Changing jobs and coming to WMU brought me a number of financial benefits, both immediate and long-term. I reckon that vision, dental, and parking save me nearly $600 a year. My salary’s modest cost-of-living raises have made me the envy of my friends still teaching at University #2, where declining state appropriations have made raises of any kind a thing of the past. Those WMU raises have a positive impact on my retirement fund, too, since the amount of WMU’s contribution is tied to my base salary.
The benefits aren’t merely financial, though. Belonging to the WMU union has provided structure and certainty about my working conditions. I don’t have to wonder what the policy is when an untenured colleague becomes pregnant and wants to stop the tenure clock. I don’t have to hope that a co-worker with newly documented heart problems will be granted medical leave. I don’t have to dread a teaching schedule that could have me on campus teaching at night until 9pm and require me to be on campus at 8am the next morning. Clear guidelines creating a fair workplace give me certainty and peace of mind. It is hard to put into words how much I value these things.
The biggest benefit to me, though, has come in terms of community and collective morale. I remember colleagues from University #1, who had lived through decades of favoritism and arbitrary choices. They were worn down and despondent. At University #2, chronic low pay led many of my colleagues to “phone in” their teaching, giving only the minimum: If they weren’t being paid fairly, where was the motivation to give the job their all? Likewise, if research and creativity were not reliably rewarded, why bother? The number of smart people there who had “checked out” was staggering.
I contrast both of these situations with what I see around me at WMU. Here, I have colleagues who are engaged and constantly thinking about how they can make a difference in the lives of their students. We work hard to become better teachers and also better researchers and scholars. We celebrate each other’s discoveries and contributions. We take pride in doing a good job because we know it will be respected.

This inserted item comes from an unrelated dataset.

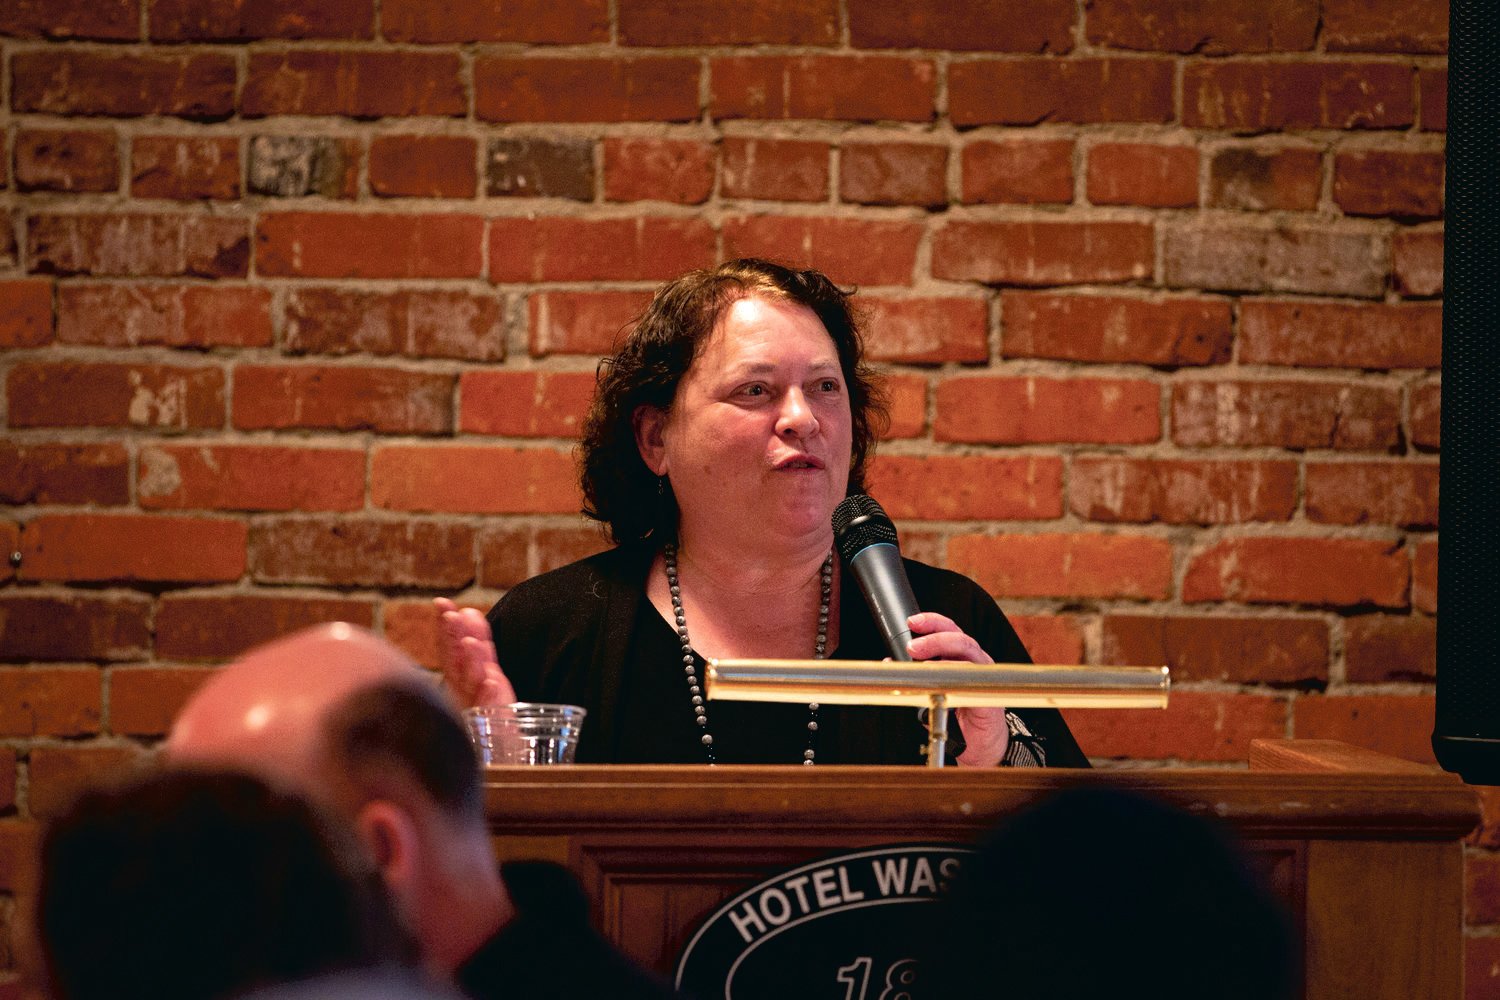 Cynthia Mudge speaks Friday night at the Centralia-Chehalis Chamber of Commerce banquet after being announced as the new executive director of the organization.

Being part of a community that respects its union members makes everyone hold their heads a little higher, whether it is in the lab, the practice room, or the classroom. If we are evaluated by fair standards, given a fair day’s work for a fair day’s pay, and treat one another with respect, everybody wins. Morale stays high, people want to do their jobs well, students get stellar instruction, creativity and discoveries flourish, and the university’s reputation continues to climb. I know why belonging to a strong faculty union matters—I see it every day at WMU.
My experiences have been much the same–one non-union, one weak, one strong. Our union has protected me numerous times and changes have occurred because I could fight back against the administrative over-reach with the union’s assistance. I just wish the administration did not see us–faculty and union alike–as the enemy.